Building on this topic of safety and security, I asked Ledgard about the condition of hospitals in the event that some catastrophic event might occur. Ledgard assured me that the “hospital issue won’t be a problem,” as they are held to a really high standard. He stated that the hospitals- especially in Cape Town and Johannesburg- are very sophisticated, pointing out that “South Africa was the first country in the world to do heart transplants.”
Ledgard added that, when looking at South Africa, it is necessary to put it in some kind of context with the rest of Sub-Saharan Africa. “Other African countries, like Nigeria and the Congo, will be looking on their television screens, and thinking my lord they [South Africa] have a real police force, electricity, sewer systems, and etc.” Despite all of the positive initiatives the chance to host the 2010 World Cup has brought for South Africa, Ledgard felt the biggest problem facing the country today is the issue of crime and HIV/AIDS. “Crime is appalling, and right behind it is HIV” said Ledgard, adding that these “two issues dominate the country and really need to be addressed.” However, Ledgard is optimistic of the positive effects of the World Cup, saying that it is a “step in the right direction for the country.” It will show that South Africa is “not a country that is collapsing, but a country that is very positive and trying to move toward a globalized economy and state its place in the world.” On a final note, Ledgard said that he is “much more positive that this is South Africa’s chance to shine, and I hope everything airs well.”
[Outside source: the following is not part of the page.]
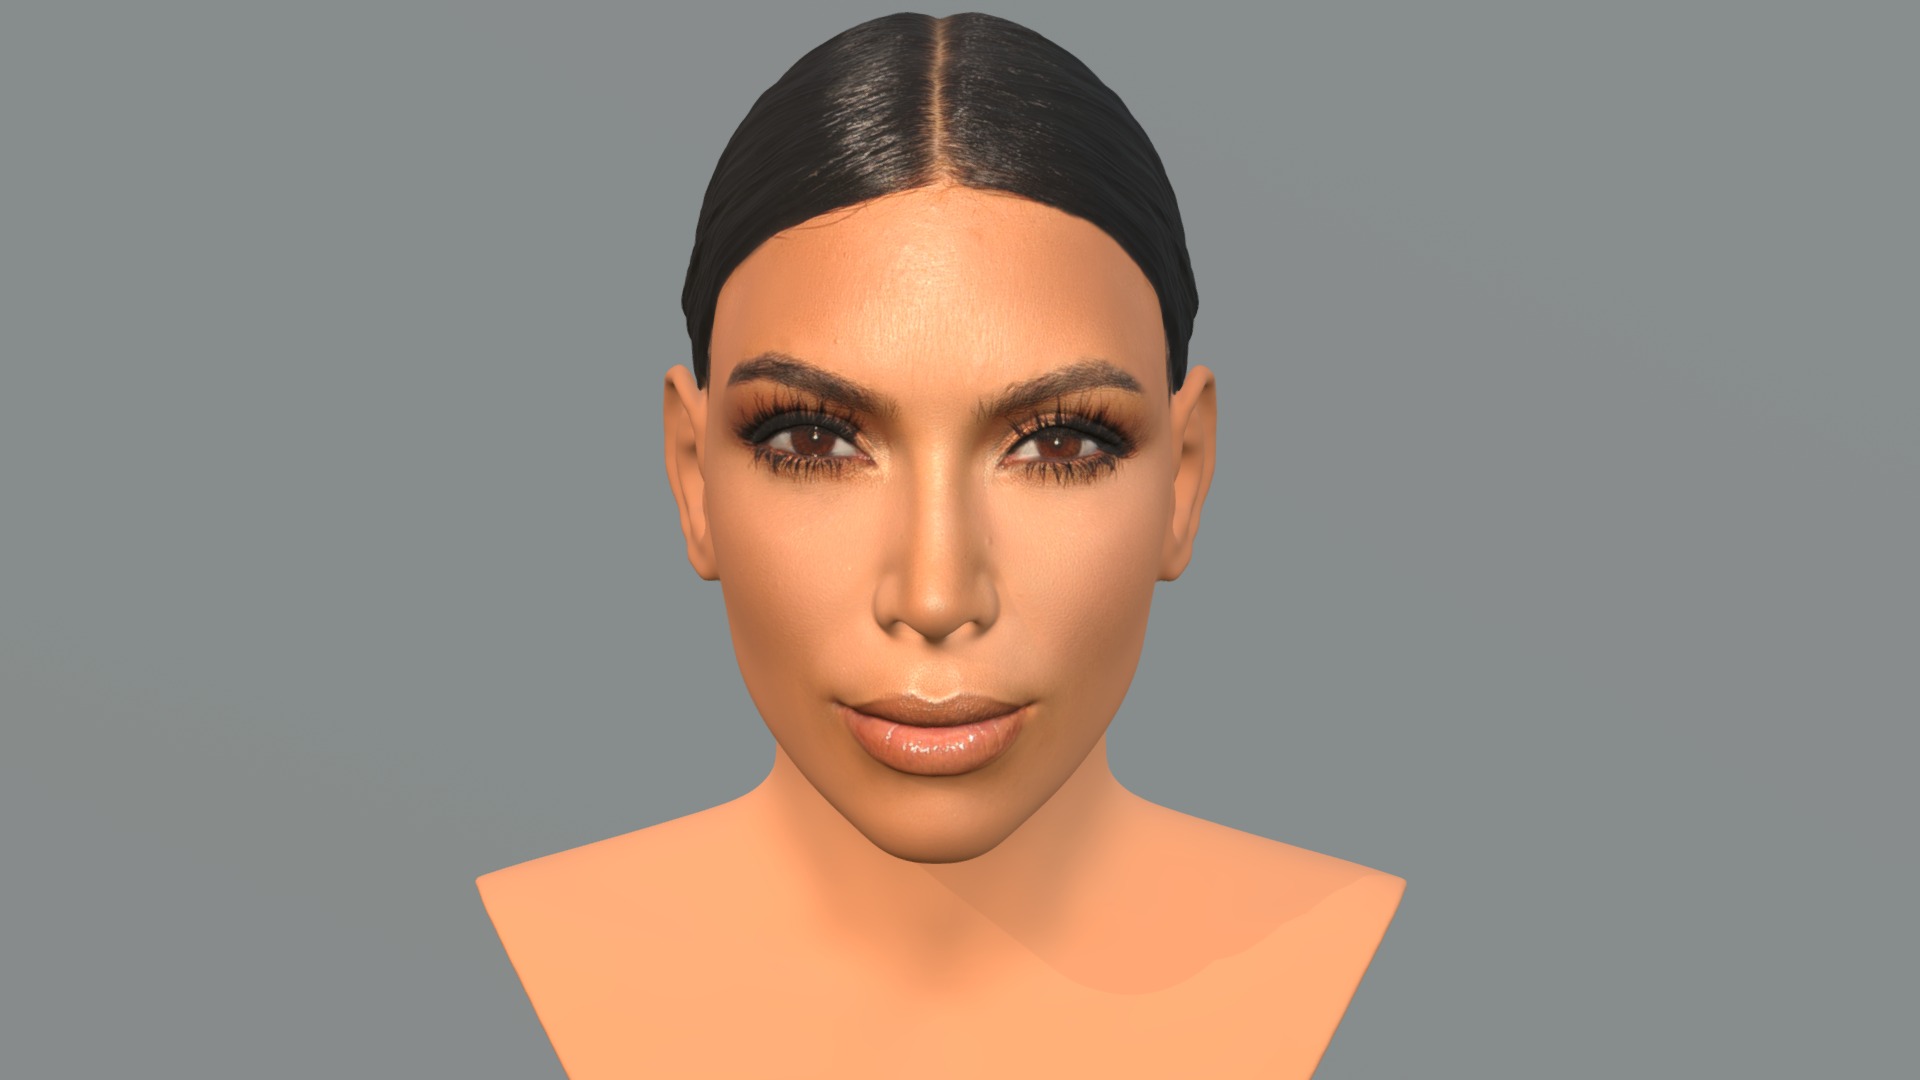 3D model Kim Kardashian bust for full color 3D printing - This is a 3D model of the Kim Kardashian bust for full color 3D printing. The 3D model is about a person with short black hair.

Only time will tell if the World Cup will help jump start South Africa’s economy, allowing for it to become a globalized nation. However, if hotel and ticket sales are any indication, the World Cup is promoting tourism and investment in the country. We can only hope that Ledgard’s fears regarding a terrorist attack will not materialize, and that South Africa’s hosting of the World Cup will be a bright light and a beaming example for the rest of the African continent.